• EXERCISE:
From the listing below, restate word for word the lines from the line containing "petal-poleA2.stl Download free" down through the line containing "073 Tottenham Football". Exclude pictures.

• RECORDED INFORMATION:

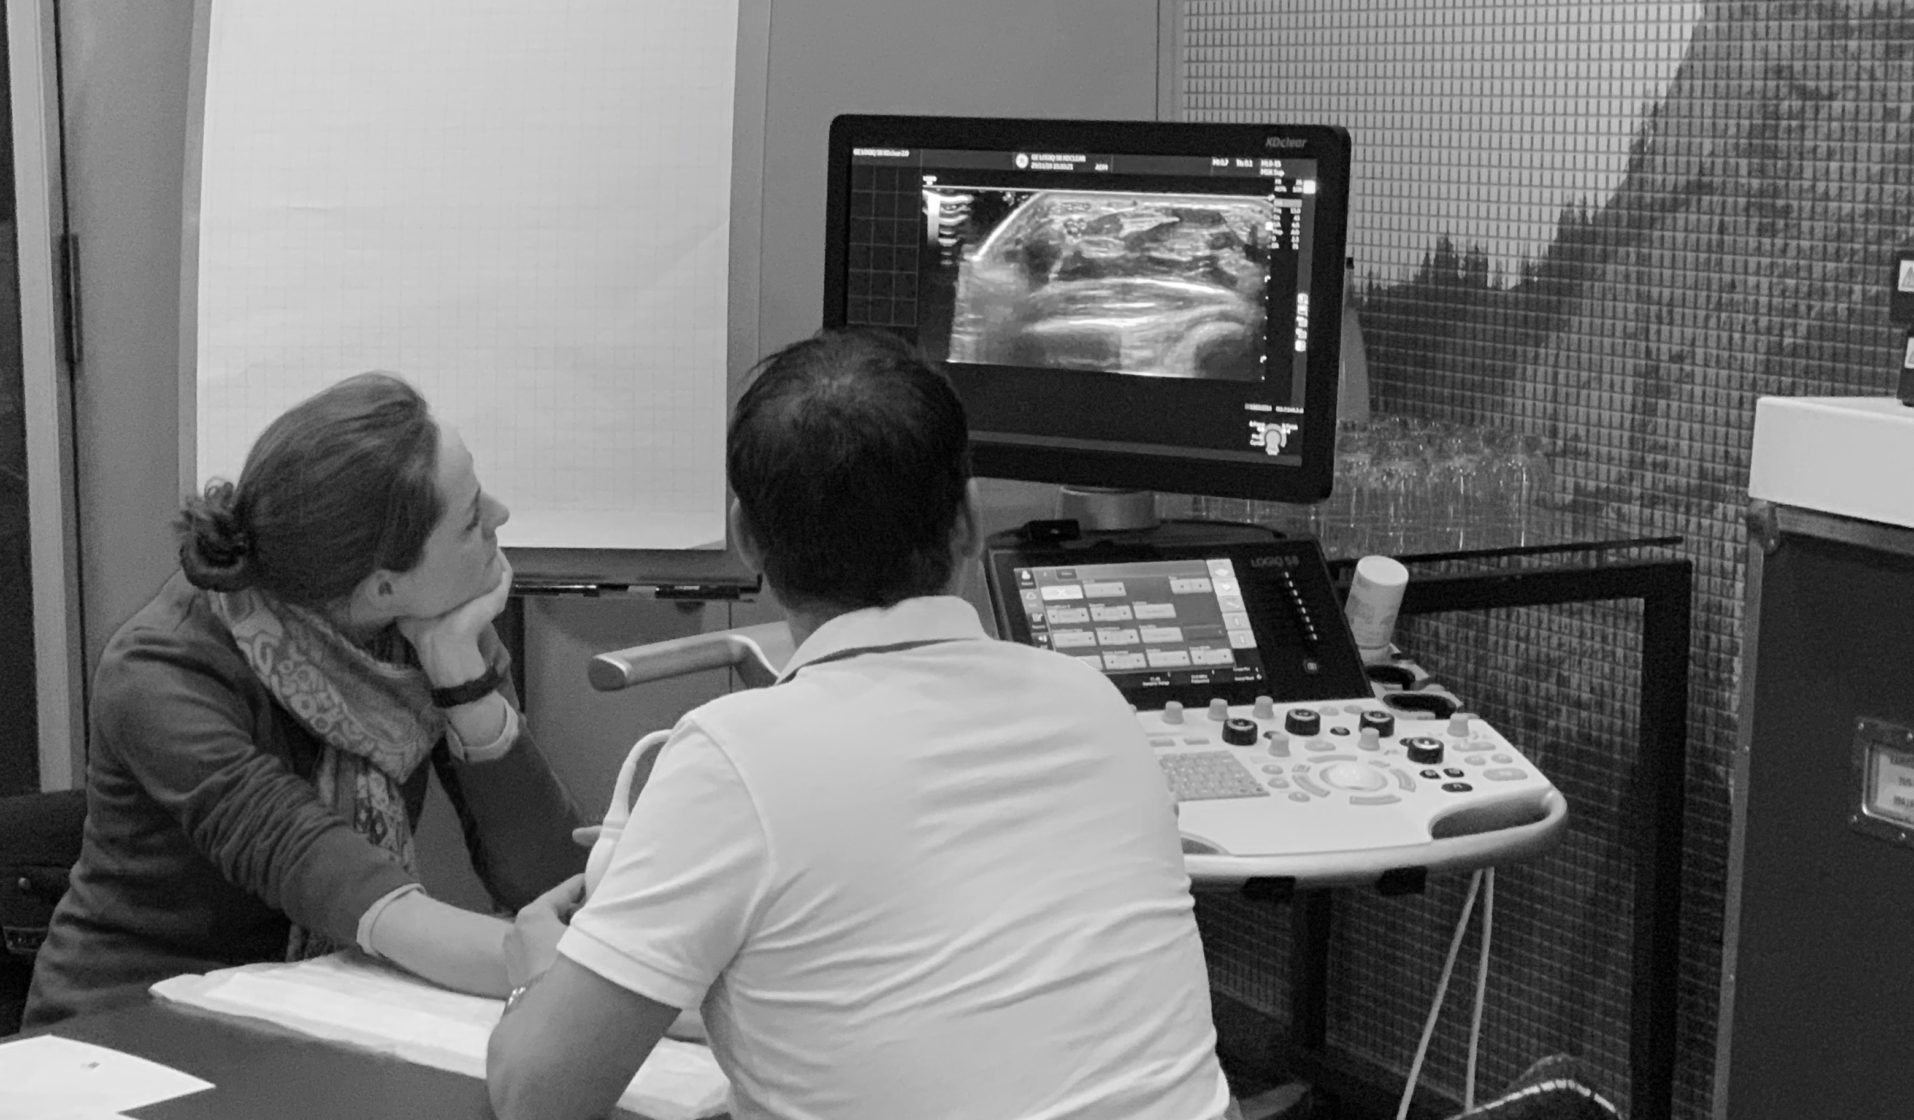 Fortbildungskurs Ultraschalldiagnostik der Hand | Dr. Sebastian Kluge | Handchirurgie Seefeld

==

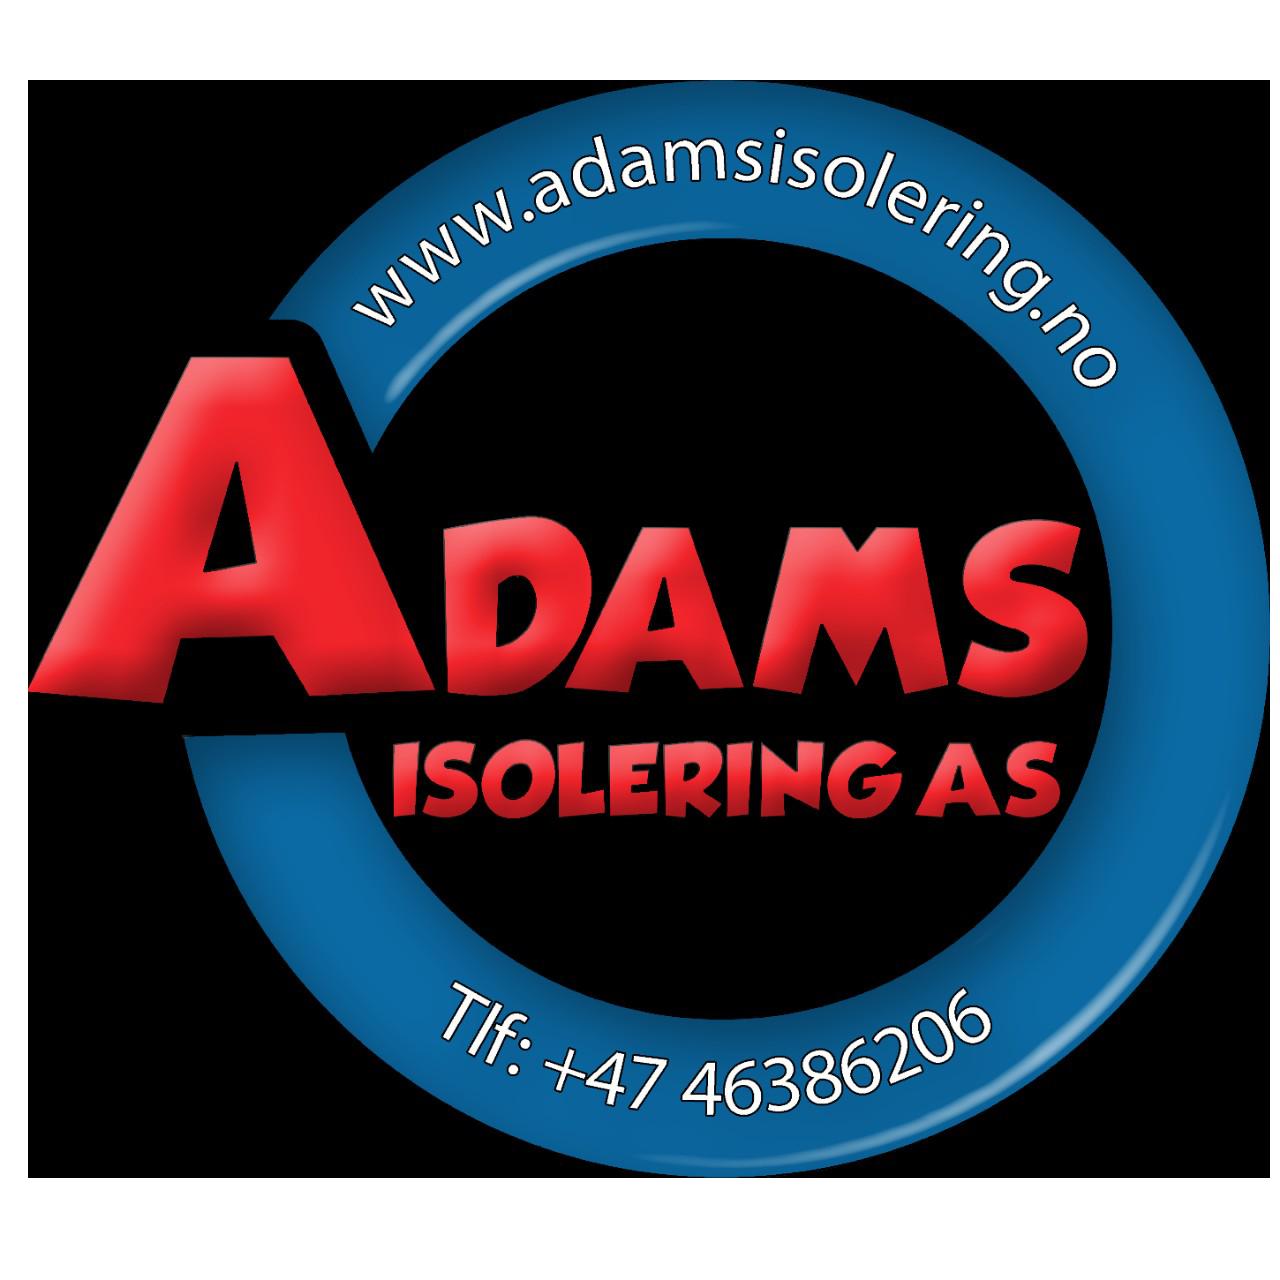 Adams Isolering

* * *

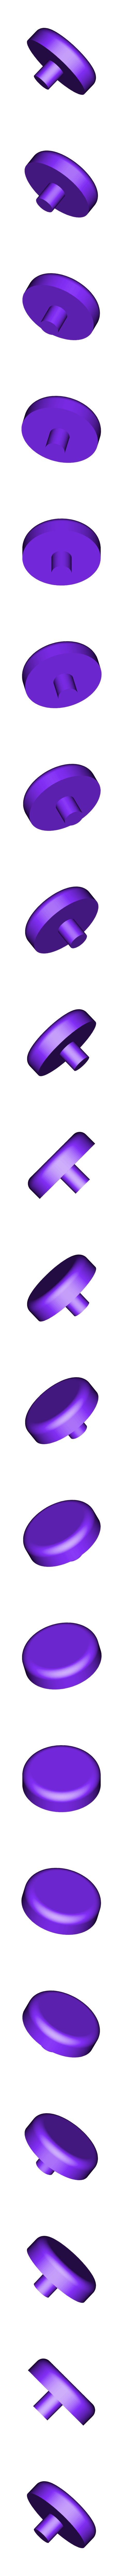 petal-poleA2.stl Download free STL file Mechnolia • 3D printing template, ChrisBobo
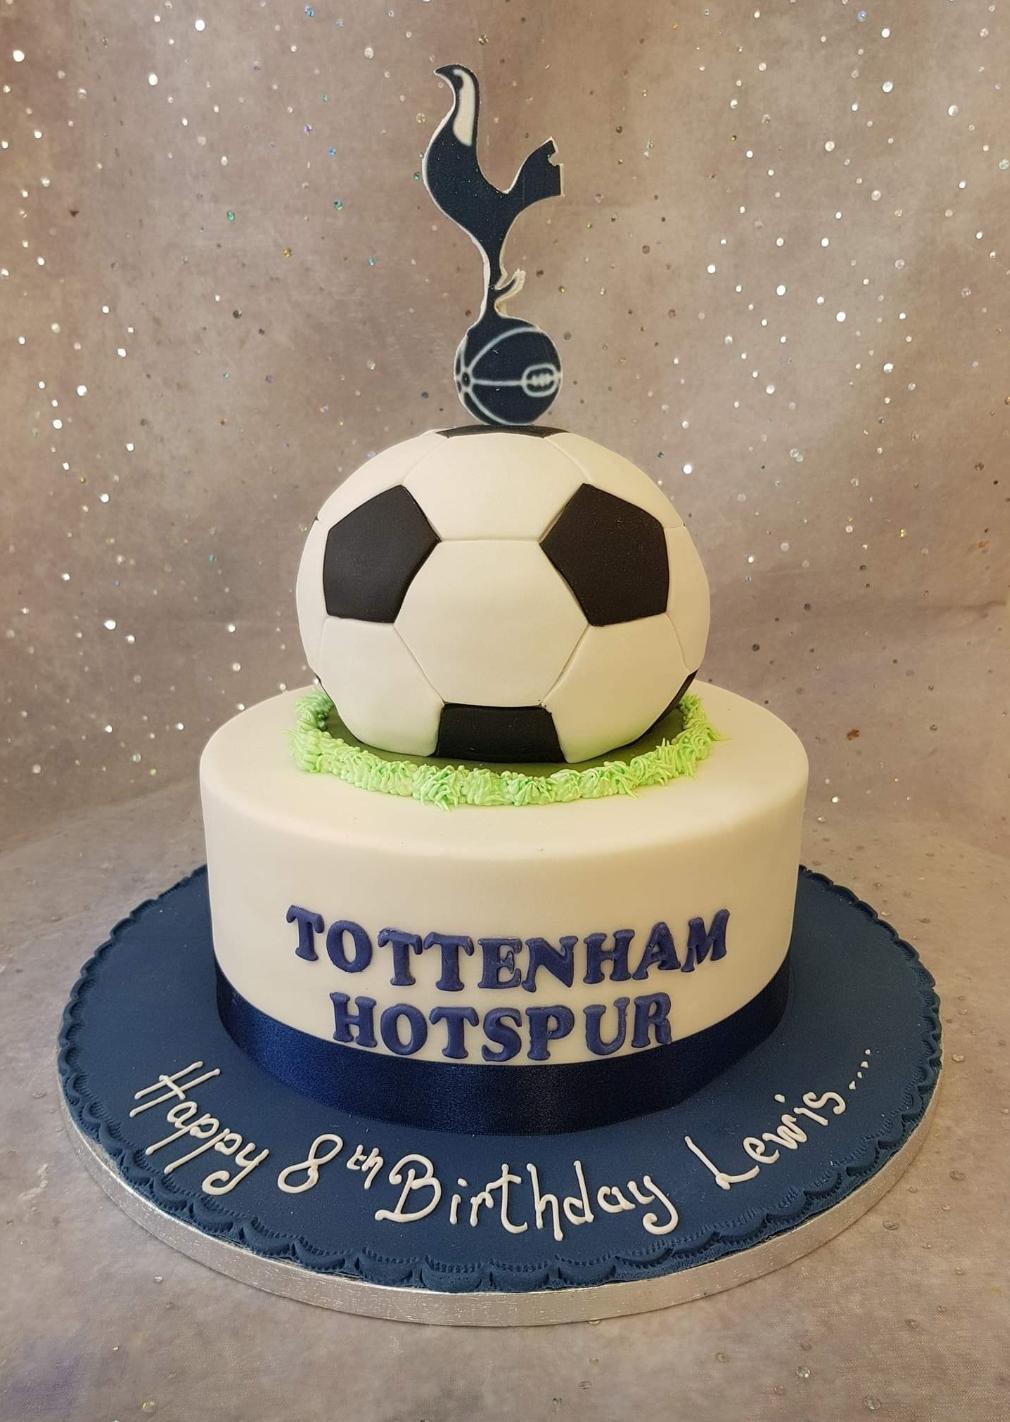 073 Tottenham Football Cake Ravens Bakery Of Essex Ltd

• FINAL ANSWER:
 petal-poleA2.stl Download free STL file Mechnolia • 3D printing template, ChrisBobo
 073 Tottenham Football Cake Ravens Bakery Of Essex Ltd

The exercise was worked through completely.